**PROVIDED DATA:**
BEGIN
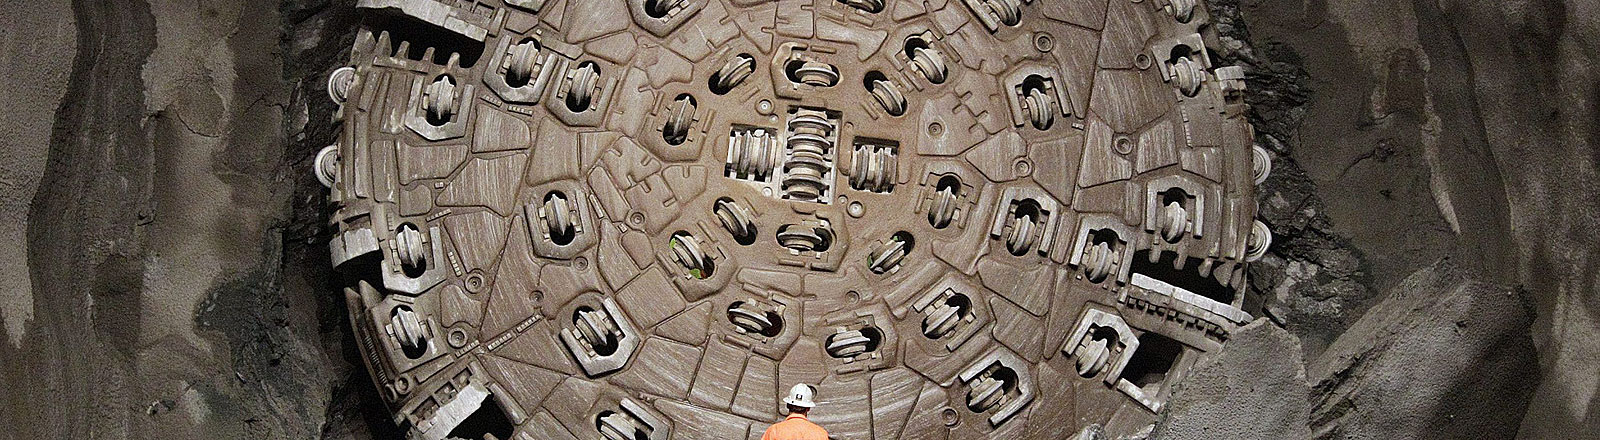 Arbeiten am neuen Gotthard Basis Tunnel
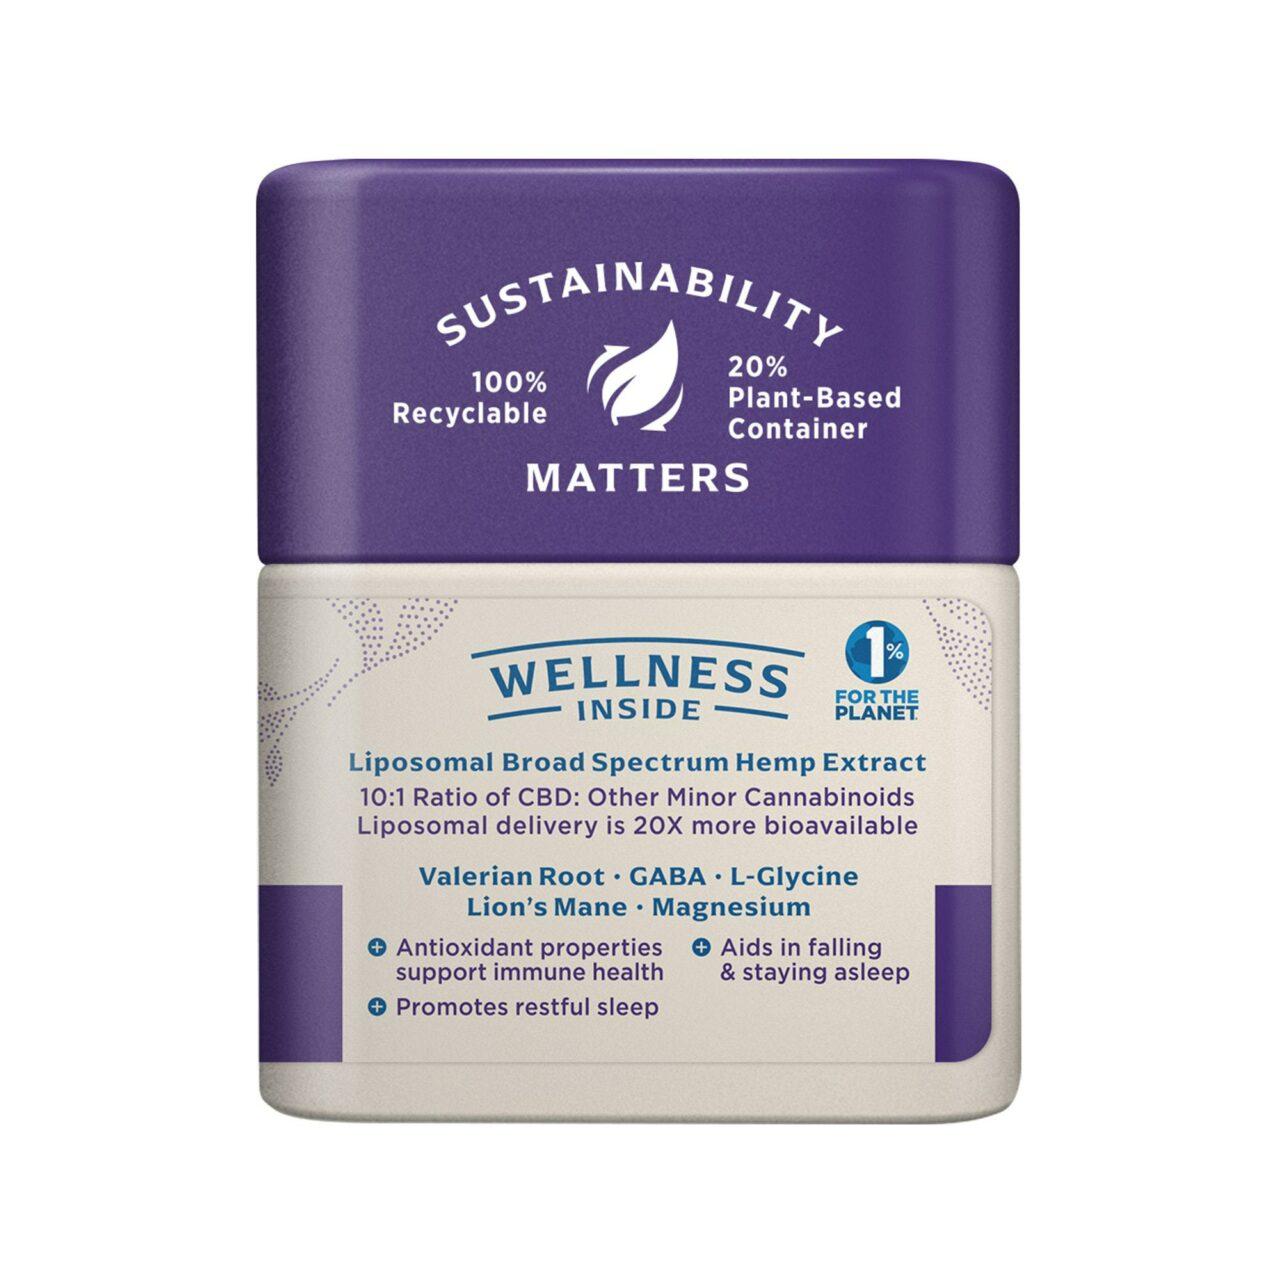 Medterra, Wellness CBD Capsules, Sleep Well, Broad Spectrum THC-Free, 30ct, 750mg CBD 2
END
BEGIN
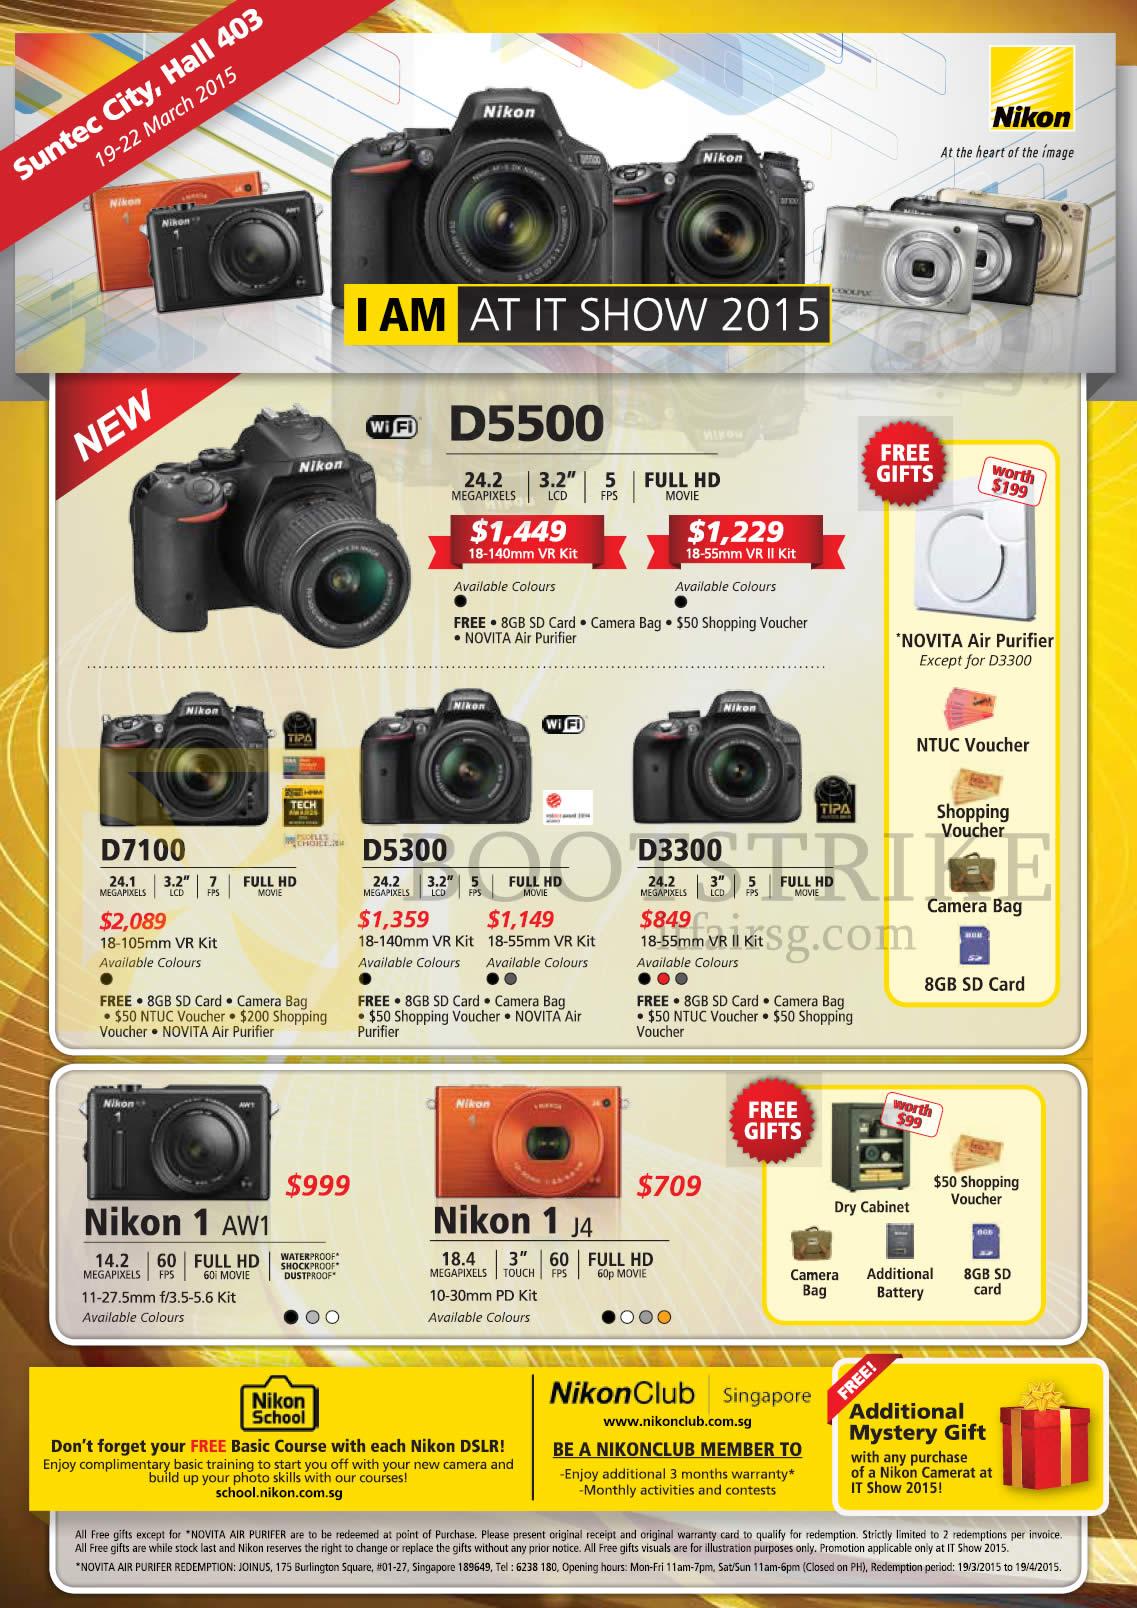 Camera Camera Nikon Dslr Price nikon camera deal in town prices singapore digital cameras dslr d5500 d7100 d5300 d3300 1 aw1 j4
END
**WHAT YOU ARE ASKED TO DO:** Of the records above, print only the lines from the one containing "Arbeiten am neuen Gotthard Basis Tunnel" through the one containing "Medterra, Wellness CBD", inclusive and unaltered, leaving out pictures.

**EXERCISE RESPONSE:**
 Arbeiten am neuen Gotthard Basis Tunnel
 Medterra, Wellness CBD Capsules, Sleep Well, Broad Spectrum THC-Free, 30ct, 750mg CBD 2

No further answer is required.